Segment Open
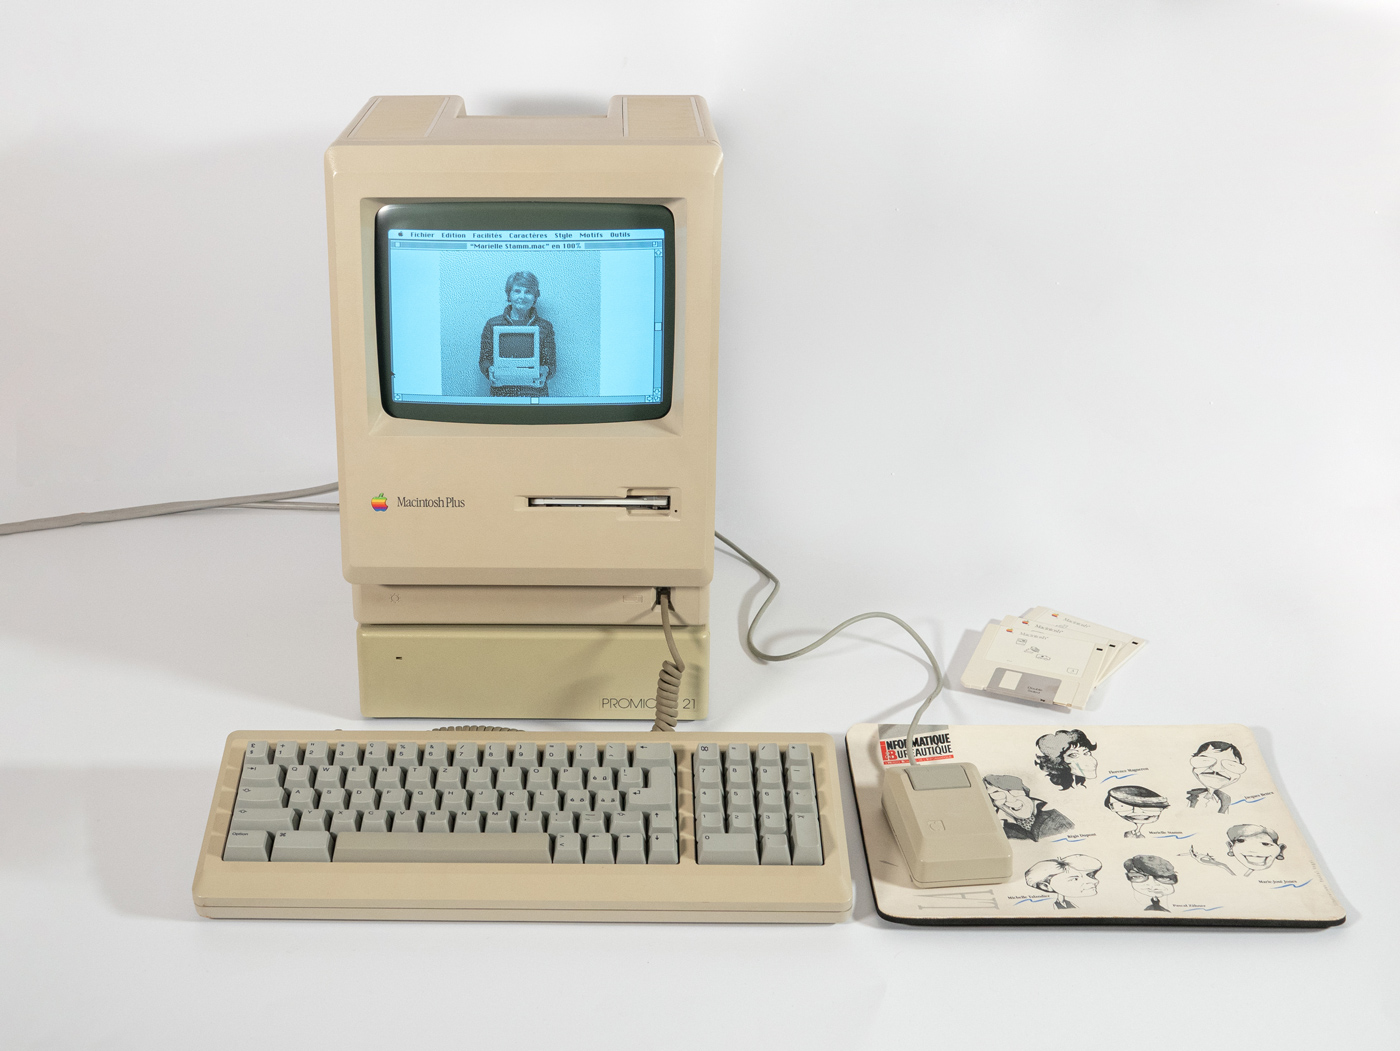 Marielle Stamm dans le Macintosh Plus, le premier ordinateur à pénétrer physiquement dans la salle de rédaction d’Informatique & Bureautique en 1987. Il transforma en profondeur la manière de travailler de la pionnière du journalisme en informatique et d’autres acteurs de la presse.
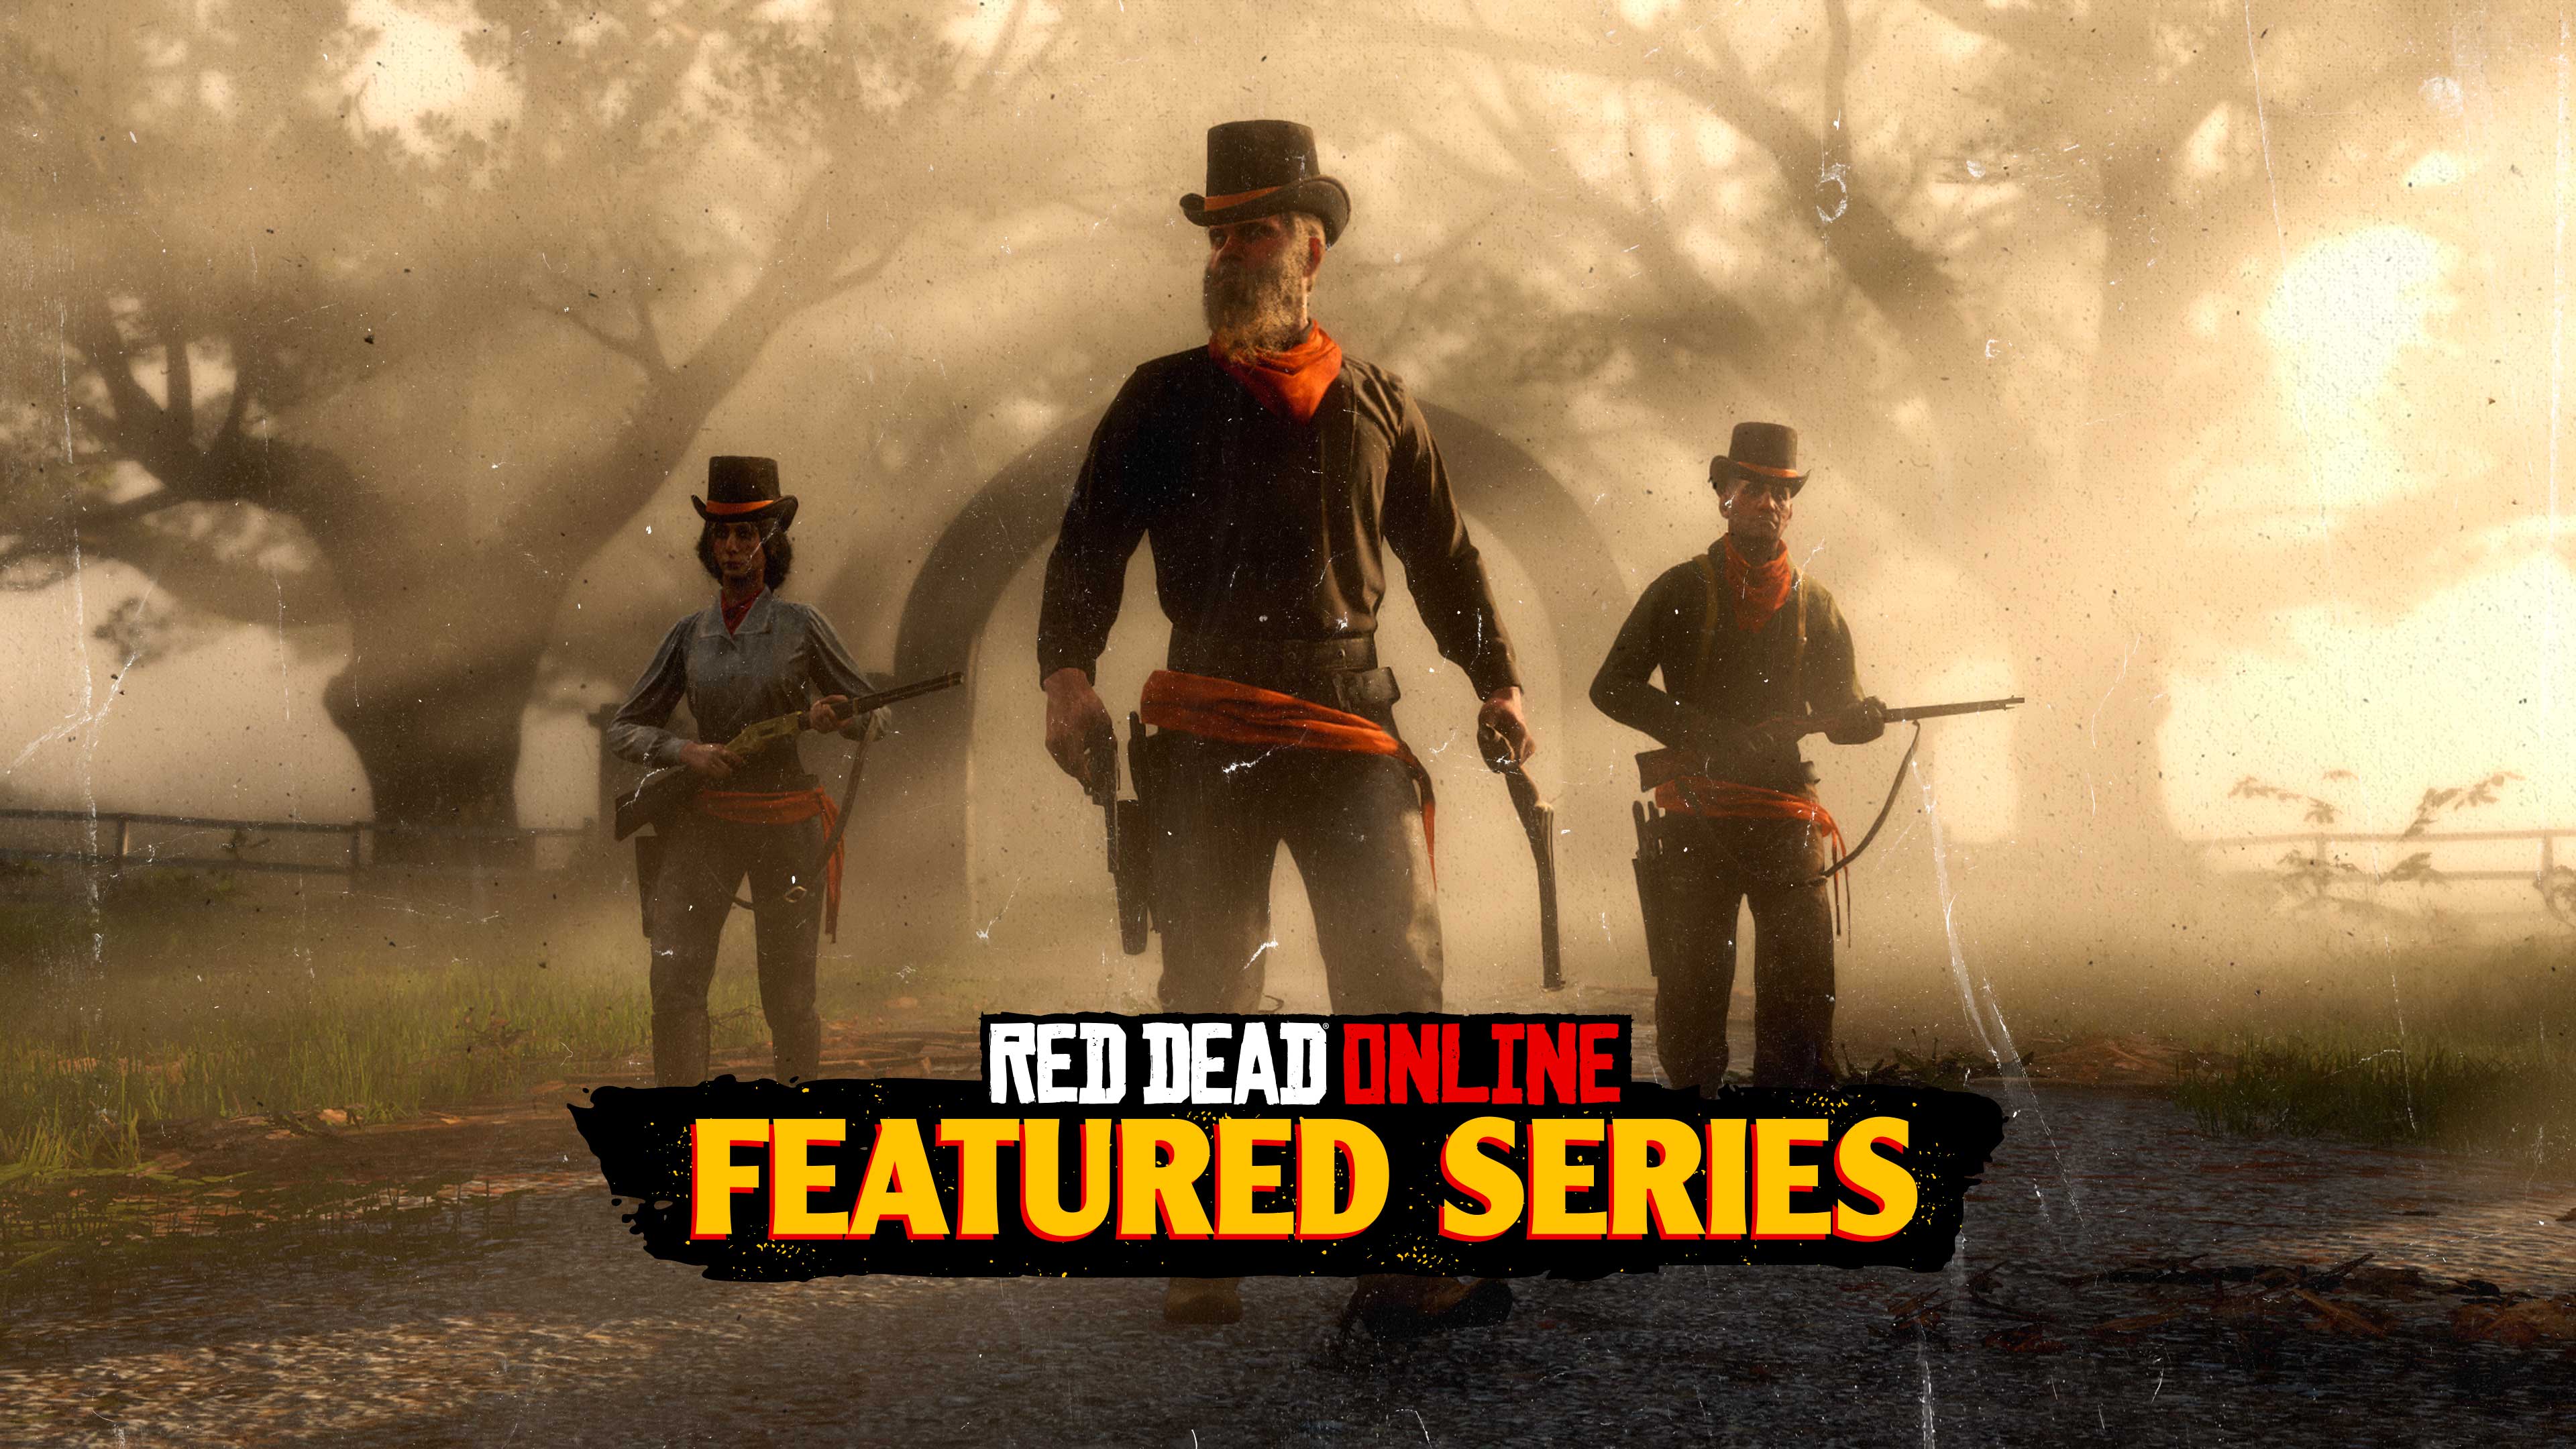 Imagens de Red Dead Online e logotipo da Série em Destaque
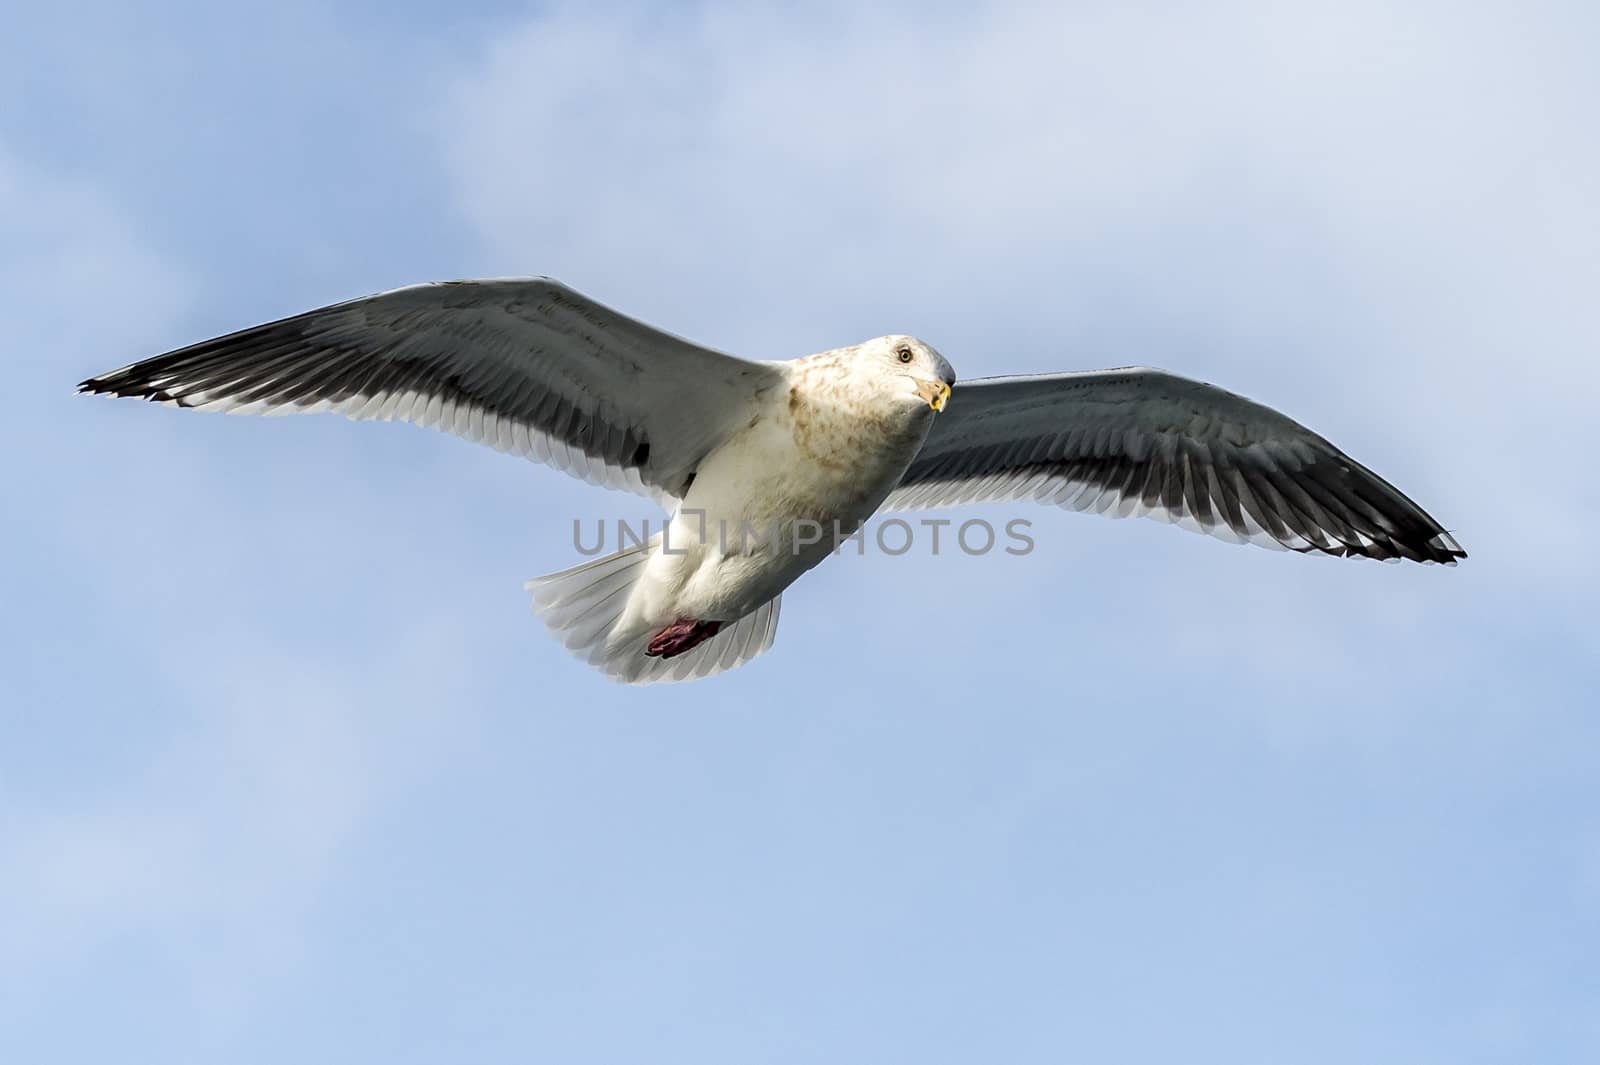 Flying Predatory Seagulls by JasonYU
Segment Closed
Retype the listing exactly. Pictures do not belong in the copy.

#### Result of this task
 Marielle Stamm dans le Macintosh Plus, le premier ordinateur à pénétrer physiquement dans la salle de rédaction d’Informatique & Bureautique en 1987. Il transforma en profondeur la manière de travailler de la pionnière du journalisme en informatique et d’autres acteurs de la presse.
 Imagens de Red Dead Online e logotipo da Série em Destaque
 Flying Predatory Seagulls by JasonYU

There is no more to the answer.